▶ [Your assignment]
Search the listing below for the word "Stage" and copy each line that holds it.

▶ [Excerpted data]

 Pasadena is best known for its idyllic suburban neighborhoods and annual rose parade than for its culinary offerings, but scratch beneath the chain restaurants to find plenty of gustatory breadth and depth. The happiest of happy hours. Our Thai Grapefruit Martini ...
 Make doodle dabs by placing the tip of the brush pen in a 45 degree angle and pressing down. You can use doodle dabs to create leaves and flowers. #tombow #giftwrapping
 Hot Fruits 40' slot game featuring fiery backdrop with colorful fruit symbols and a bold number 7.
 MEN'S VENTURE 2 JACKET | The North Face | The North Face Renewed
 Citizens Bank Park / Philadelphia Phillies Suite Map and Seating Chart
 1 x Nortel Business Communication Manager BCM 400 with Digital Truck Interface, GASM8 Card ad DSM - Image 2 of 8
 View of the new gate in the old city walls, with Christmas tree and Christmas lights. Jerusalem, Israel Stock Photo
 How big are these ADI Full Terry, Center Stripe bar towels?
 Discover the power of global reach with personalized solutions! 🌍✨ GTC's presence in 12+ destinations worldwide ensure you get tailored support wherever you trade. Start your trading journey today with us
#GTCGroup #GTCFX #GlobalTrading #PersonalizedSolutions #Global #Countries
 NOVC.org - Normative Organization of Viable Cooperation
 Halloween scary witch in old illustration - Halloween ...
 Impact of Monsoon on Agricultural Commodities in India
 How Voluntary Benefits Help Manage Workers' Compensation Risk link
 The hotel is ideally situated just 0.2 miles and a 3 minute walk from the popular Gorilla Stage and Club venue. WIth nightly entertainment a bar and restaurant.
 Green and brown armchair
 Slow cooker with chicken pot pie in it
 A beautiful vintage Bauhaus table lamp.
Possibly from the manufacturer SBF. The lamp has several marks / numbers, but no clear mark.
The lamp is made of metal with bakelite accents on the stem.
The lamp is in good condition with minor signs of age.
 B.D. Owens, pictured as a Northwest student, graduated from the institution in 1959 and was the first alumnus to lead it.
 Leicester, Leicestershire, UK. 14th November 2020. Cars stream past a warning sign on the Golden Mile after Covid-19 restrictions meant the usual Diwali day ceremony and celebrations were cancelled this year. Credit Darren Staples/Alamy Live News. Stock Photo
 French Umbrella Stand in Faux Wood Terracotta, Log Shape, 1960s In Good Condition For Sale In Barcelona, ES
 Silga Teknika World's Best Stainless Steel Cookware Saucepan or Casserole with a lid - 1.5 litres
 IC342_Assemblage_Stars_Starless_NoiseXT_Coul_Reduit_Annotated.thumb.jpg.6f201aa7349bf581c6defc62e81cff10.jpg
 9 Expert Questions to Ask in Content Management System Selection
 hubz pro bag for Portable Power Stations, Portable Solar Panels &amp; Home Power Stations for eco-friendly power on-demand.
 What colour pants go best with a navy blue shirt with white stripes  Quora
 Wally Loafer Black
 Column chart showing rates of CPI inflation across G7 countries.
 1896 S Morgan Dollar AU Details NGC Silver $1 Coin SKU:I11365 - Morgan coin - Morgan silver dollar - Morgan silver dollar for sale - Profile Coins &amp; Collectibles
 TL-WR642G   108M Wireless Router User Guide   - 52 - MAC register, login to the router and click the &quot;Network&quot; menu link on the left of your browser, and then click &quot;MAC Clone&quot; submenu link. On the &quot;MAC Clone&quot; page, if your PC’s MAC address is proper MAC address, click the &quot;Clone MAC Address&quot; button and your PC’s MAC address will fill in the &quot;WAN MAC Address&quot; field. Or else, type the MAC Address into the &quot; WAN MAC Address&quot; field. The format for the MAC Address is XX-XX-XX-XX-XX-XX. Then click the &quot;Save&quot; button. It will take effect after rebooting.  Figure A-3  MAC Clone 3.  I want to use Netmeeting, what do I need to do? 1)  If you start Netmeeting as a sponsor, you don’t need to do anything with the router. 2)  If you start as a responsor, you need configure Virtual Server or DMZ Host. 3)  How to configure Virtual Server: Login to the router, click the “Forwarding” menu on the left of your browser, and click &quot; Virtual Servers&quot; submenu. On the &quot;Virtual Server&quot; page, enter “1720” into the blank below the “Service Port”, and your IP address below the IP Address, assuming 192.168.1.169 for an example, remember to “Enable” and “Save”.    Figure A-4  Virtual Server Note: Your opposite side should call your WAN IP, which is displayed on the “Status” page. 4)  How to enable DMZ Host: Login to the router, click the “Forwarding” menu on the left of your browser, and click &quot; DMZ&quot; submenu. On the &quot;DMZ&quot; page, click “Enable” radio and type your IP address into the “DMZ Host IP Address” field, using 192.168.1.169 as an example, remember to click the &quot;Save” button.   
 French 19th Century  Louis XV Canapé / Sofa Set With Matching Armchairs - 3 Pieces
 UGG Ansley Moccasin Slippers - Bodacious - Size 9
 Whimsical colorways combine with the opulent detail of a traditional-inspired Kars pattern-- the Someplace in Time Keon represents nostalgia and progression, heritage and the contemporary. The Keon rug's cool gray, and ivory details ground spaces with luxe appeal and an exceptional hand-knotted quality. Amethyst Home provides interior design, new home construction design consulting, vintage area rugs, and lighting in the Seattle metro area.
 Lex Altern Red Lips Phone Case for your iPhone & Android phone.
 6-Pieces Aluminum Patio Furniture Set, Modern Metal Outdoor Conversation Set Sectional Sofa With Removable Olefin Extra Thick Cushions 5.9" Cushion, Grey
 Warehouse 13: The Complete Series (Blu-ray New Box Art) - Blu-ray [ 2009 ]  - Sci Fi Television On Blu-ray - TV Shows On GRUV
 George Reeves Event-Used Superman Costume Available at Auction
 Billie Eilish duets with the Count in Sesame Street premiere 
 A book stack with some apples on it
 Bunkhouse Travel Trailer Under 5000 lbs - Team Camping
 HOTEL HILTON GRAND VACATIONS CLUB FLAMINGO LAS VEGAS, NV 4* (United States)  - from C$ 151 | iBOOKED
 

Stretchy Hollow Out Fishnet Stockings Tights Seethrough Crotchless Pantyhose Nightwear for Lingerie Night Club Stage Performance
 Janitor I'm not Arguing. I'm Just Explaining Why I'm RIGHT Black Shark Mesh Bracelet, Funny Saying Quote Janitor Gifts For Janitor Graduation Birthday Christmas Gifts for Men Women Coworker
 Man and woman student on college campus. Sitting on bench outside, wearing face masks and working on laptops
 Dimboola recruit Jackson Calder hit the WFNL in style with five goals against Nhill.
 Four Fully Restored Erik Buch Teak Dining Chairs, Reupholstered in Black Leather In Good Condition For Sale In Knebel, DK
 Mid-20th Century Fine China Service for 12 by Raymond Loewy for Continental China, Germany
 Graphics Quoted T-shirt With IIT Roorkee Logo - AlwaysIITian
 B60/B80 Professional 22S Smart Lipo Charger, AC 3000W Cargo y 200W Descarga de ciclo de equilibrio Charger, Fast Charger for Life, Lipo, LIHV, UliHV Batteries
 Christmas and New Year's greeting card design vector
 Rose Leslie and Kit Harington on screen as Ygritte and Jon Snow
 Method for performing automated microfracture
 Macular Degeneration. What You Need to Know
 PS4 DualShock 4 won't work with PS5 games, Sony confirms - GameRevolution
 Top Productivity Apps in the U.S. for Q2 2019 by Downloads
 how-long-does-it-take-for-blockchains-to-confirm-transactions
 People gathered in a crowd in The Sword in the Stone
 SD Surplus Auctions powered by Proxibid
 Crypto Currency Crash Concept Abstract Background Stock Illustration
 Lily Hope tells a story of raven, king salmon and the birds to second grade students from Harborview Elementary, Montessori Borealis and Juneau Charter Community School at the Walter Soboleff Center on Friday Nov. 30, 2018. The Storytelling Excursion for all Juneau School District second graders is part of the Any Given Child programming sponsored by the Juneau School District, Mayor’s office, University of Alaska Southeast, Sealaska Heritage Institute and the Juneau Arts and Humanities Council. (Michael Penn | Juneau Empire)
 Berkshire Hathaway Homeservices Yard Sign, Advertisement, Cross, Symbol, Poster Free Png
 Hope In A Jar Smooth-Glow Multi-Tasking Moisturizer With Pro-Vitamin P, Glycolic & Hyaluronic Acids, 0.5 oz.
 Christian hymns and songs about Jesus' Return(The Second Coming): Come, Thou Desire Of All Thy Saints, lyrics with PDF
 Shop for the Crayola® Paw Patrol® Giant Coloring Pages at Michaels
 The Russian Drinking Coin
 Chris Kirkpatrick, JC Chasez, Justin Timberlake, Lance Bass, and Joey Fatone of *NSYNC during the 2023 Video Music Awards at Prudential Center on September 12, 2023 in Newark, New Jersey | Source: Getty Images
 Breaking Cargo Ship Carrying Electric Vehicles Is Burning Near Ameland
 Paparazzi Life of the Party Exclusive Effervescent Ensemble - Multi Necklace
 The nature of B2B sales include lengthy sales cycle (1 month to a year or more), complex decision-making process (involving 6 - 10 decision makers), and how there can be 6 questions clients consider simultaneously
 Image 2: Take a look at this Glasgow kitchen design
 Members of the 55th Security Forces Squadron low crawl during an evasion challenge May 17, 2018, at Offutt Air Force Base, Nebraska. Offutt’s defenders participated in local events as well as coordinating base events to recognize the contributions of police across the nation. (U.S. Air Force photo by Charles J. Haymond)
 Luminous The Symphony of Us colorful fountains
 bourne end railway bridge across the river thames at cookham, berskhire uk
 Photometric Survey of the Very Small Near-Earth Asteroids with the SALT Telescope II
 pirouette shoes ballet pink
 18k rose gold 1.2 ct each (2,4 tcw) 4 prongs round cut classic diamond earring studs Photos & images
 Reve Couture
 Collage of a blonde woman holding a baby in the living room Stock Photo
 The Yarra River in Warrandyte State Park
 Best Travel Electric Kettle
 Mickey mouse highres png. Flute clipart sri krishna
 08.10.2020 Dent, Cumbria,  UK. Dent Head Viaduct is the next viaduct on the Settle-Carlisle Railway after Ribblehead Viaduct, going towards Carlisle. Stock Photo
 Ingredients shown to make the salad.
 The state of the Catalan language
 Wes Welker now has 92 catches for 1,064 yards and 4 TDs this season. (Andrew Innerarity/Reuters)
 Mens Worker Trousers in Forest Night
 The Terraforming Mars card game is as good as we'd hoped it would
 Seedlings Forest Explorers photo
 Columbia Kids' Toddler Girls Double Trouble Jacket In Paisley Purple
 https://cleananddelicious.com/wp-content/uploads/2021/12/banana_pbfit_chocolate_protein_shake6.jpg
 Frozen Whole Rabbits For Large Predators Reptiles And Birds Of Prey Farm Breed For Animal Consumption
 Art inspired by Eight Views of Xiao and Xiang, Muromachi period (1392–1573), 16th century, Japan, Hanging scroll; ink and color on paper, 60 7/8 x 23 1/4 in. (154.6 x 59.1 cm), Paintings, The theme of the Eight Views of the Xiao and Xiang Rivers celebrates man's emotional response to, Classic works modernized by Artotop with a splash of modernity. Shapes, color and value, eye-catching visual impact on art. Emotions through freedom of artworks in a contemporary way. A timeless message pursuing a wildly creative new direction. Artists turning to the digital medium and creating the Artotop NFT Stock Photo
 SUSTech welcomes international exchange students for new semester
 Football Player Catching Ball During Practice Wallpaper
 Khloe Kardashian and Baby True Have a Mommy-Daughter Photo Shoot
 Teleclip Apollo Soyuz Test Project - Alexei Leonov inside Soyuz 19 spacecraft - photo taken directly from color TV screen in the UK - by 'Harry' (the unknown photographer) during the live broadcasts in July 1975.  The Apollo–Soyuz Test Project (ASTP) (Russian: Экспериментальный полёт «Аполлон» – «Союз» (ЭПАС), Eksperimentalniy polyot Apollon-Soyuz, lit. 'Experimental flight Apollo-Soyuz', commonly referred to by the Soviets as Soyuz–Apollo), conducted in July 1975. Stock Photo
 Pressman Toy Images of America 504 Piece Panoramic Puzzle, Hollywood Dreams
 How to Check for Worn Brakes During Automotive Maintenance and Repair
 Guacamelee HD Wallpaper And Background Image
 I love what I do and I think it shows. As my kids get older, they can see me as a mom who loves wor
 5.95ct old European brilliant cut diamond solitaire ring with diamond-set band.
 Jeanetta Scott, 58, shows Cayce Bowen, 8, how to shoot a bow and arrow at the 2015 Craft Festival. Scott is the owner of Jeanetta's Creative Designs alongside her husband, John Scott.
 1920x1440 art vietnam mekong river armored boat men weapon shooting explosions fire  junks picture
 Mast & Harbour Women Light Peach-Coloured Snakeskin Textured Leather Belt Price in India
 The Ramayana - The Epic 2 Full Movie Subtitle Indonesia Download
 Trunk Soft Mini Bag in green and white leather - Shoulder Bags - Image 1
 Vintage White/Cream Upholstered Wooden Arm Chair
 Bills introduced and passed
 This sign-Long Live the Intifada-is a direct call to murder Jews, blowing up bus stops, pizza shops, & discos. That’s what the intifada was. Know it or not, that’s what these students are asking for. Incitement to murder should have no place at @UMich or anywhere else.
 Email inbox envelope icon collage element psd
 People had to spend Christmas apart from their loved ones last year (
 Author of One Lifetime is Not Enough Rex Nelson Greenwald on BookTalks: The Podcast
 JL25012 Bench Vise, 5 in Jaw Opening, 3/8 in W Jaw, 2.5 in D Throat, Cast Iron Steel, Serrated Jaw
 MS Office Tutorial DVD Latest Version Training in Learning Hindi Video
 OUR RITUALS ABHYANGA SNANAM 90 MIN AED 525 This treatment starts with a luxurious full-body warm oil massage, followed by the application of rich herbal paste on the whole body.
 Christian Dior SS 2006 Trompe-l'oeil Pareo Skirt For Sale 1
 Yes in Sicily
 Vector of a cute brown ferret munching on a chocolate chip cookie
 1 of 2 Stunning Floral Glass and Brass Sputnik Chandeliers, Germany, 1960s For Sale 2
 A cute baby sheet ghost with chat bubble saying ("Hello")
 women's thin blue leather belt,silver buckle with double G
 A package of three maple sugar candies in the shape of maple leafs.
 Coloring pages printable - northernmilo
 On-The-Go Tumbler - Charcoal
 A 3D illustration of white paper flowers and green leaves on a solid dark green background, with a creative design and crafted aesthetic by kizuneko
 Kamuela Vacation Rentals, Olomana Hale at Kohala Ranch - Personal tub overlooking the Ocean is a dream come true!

▶ [Exercise output]
 The hotel is ideally situated just 0.2 miles and a 3 minute walk from the popular Gorilla Stage and Club venue. WIth nightly entertainment a bar and restaurant.
Stretchy Hollow Out Fishnet Stockings Tights Seethrough Crotchless Pantyhose Nightwear for Lingerie Night Club Stage Performance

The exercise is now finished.